START EXERCISE DATA

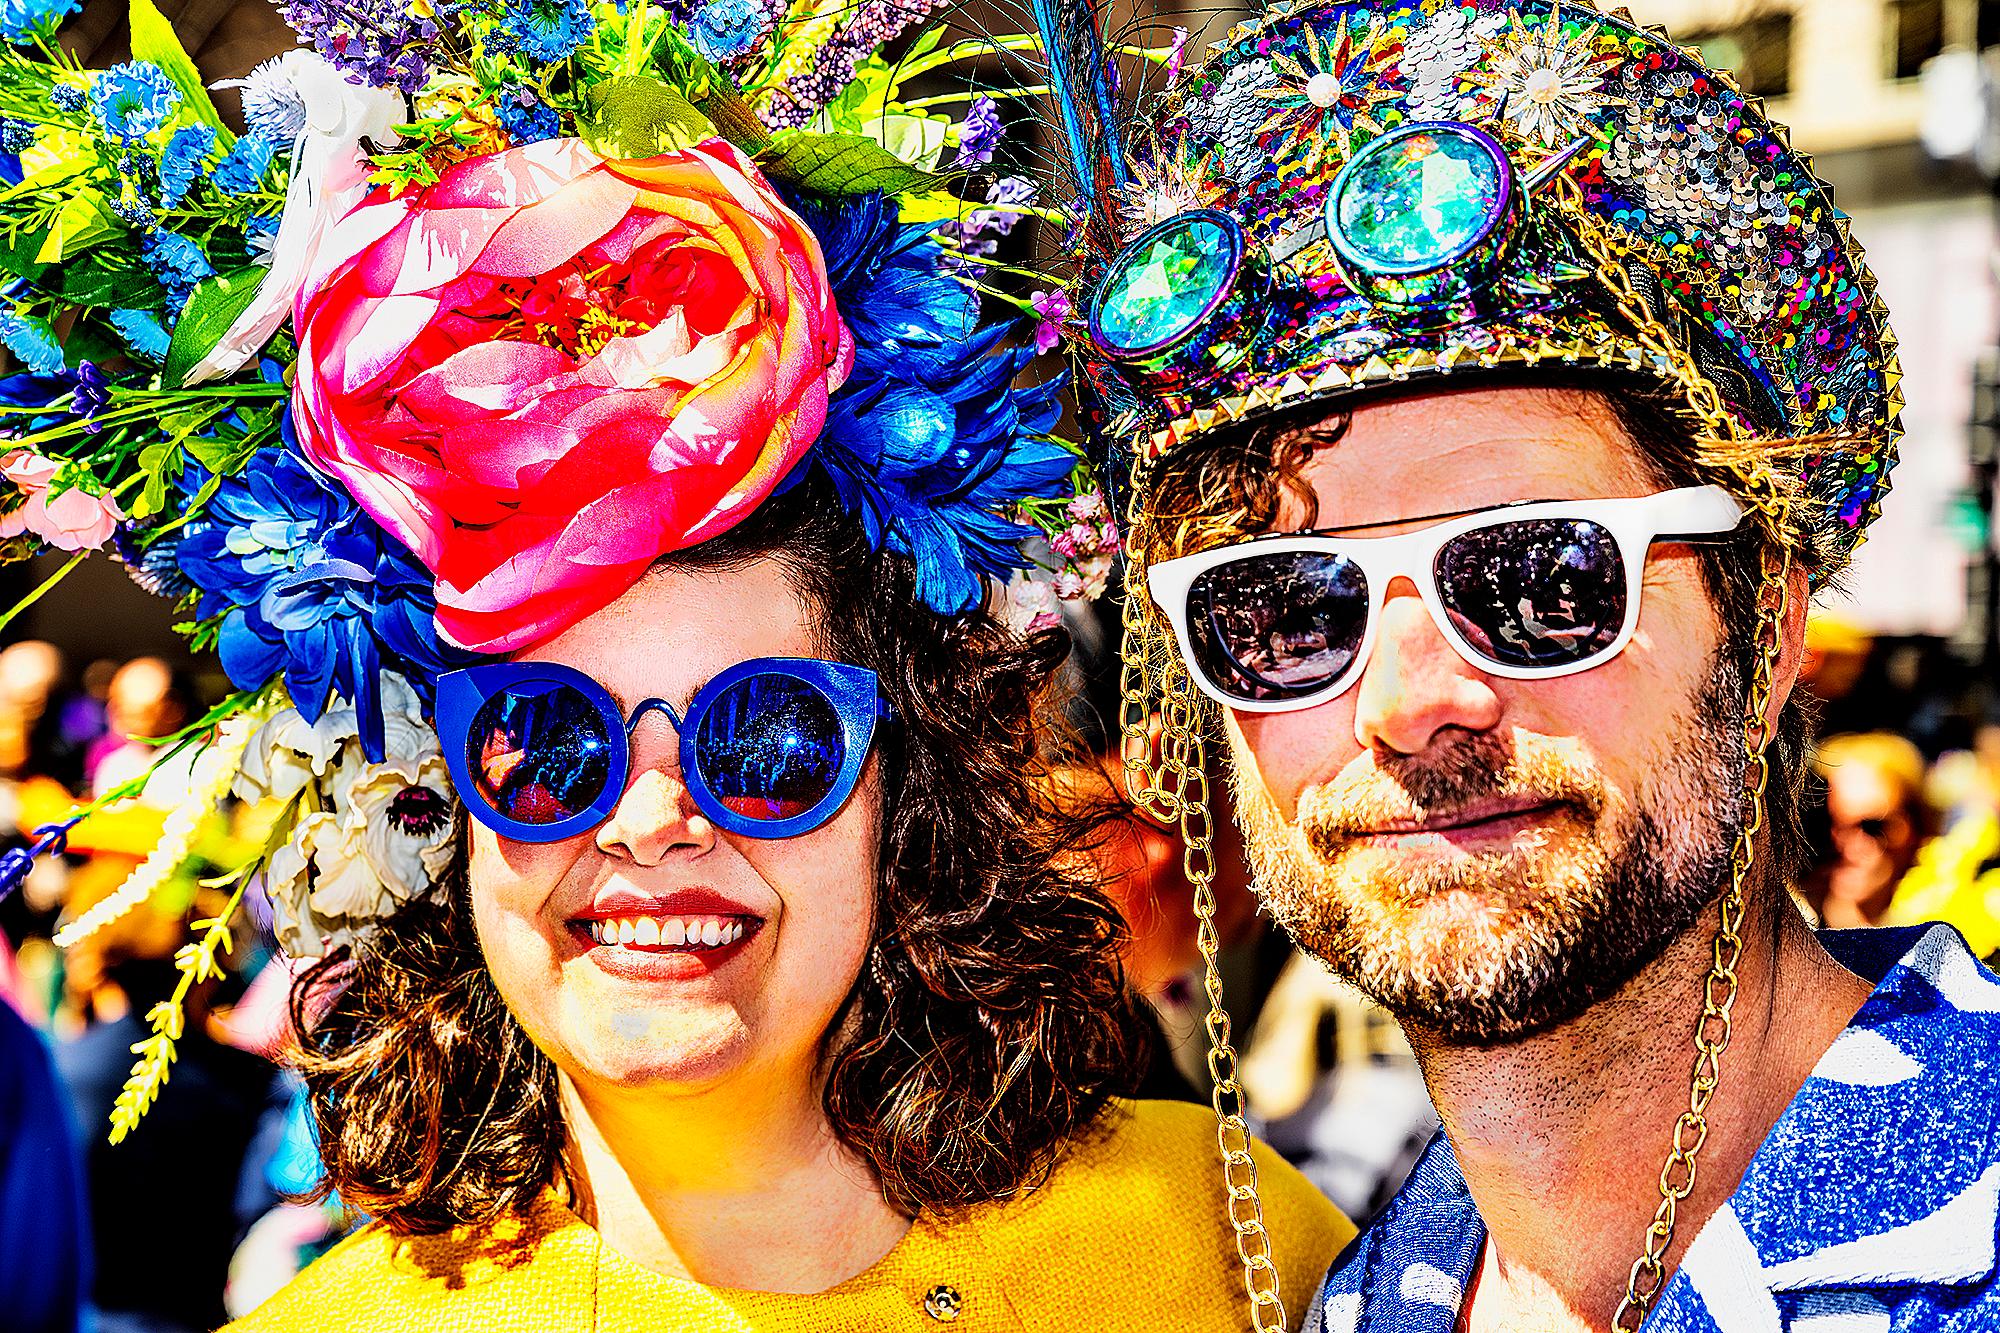 Mitchell Funk Portrait Photograph - Outrageous Flowers  Colorful Hats at Easter Parade
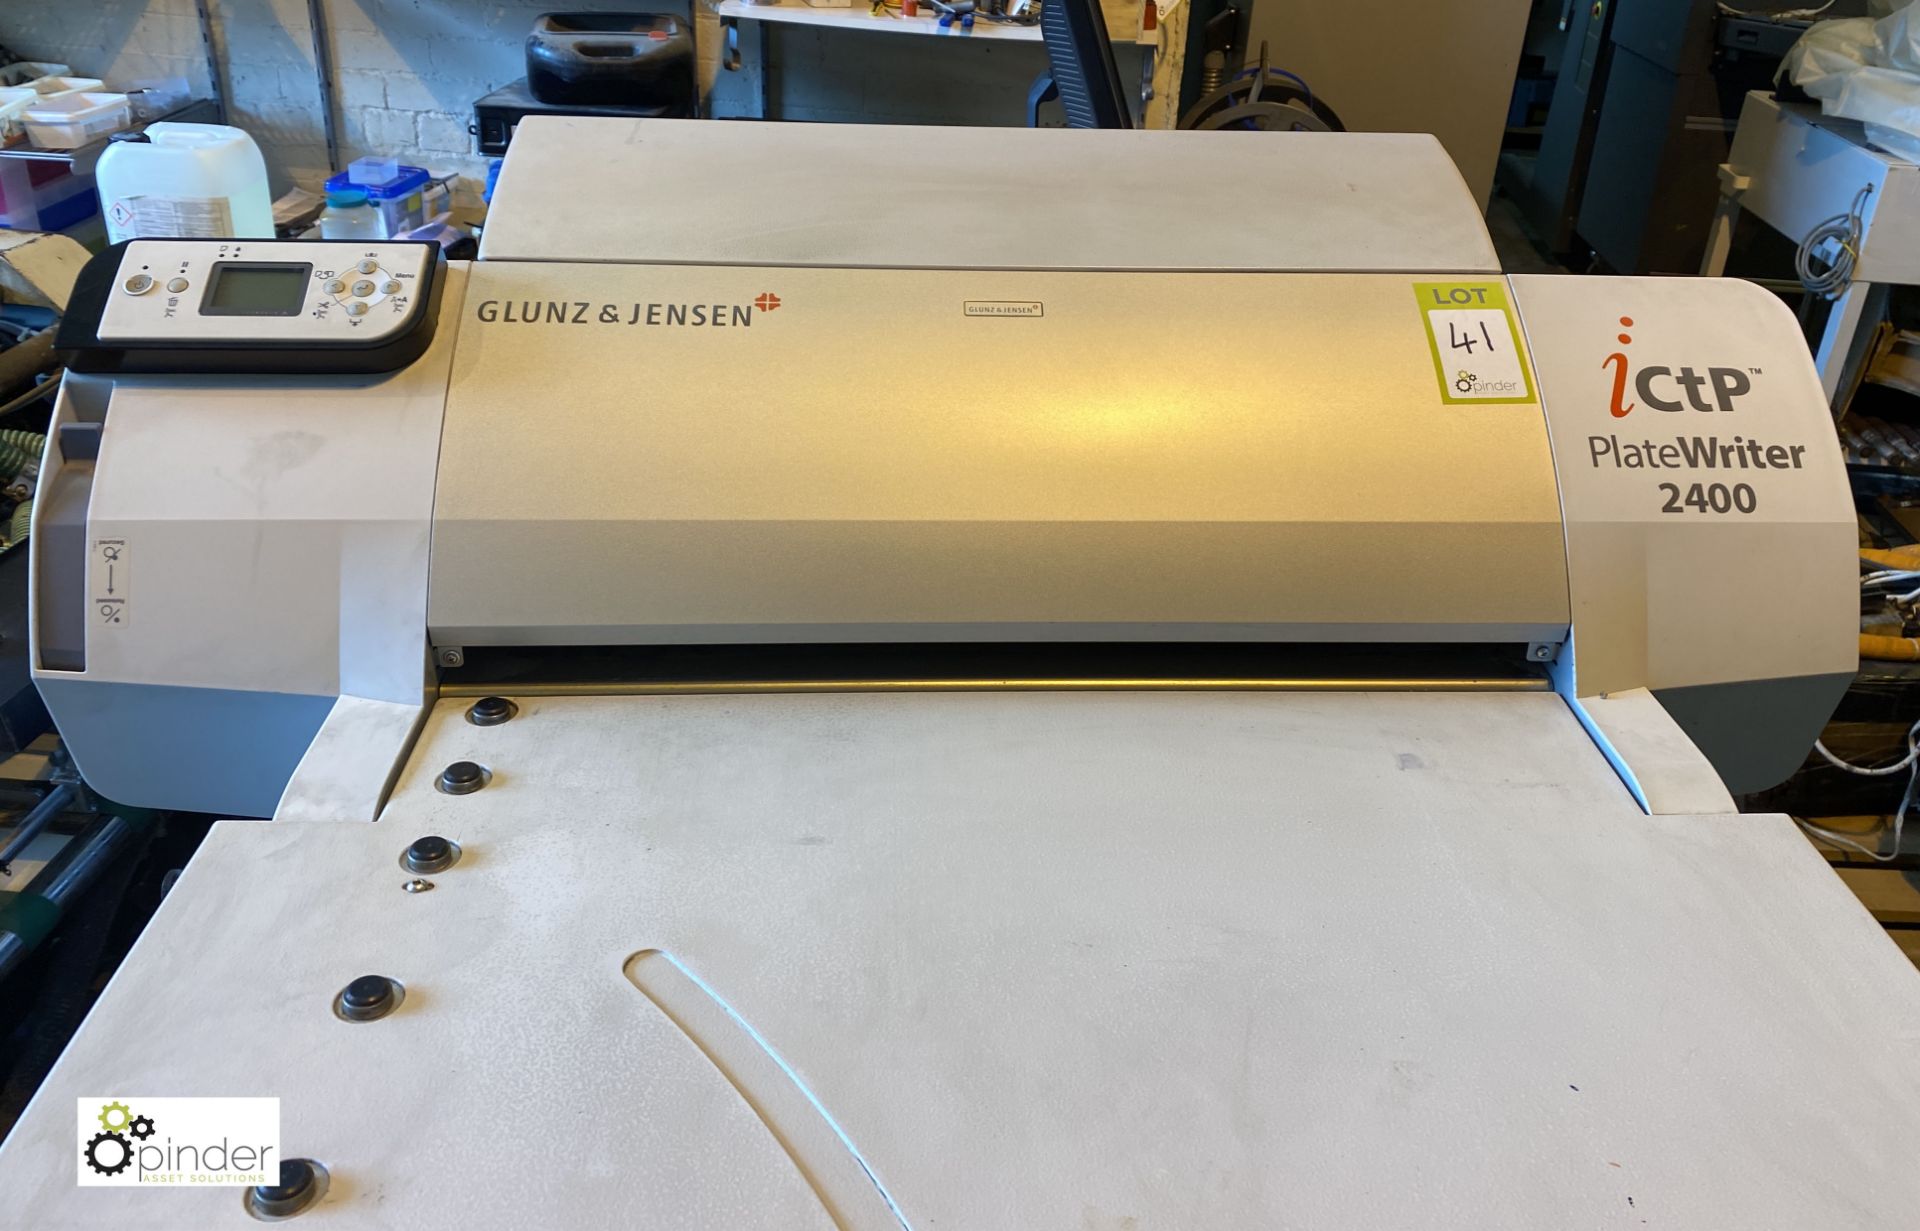 Glunz & Jensen iCtp Plate Writer 2400, with ink spares, etc (please note there is a lift out fee - Image 4 of 9
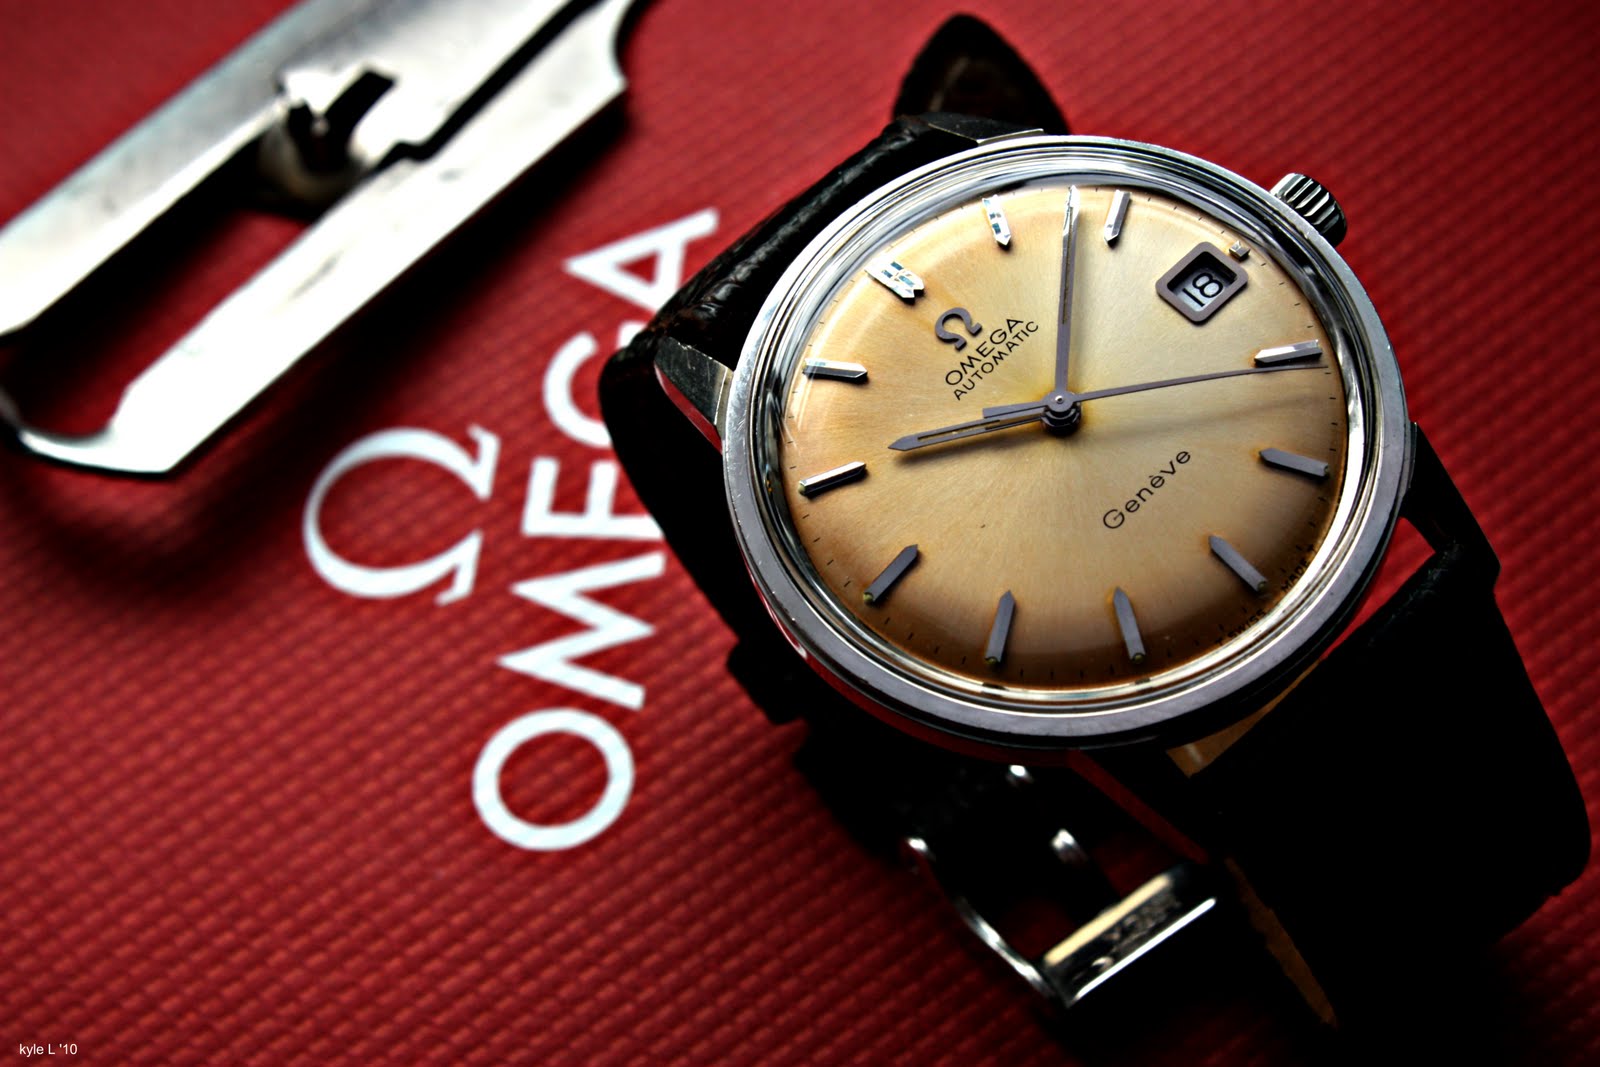 Kyle S Watch Wallpaper Omega Geneve Cal

END EXERCISE DATA

Return every line of the data above exactly, and omit all pictures.

 Mitchell Funk Portrait Photograph - Outrageous Flowers  Colorful Hats at Easter Parade
 Glunz & Jensen iCtp Plate Writer 2400, with ink spares, etc (please note there is a lift out fee - Image 4 of 9
 Kyle S Watch Wallpaper Omega Geneve Cal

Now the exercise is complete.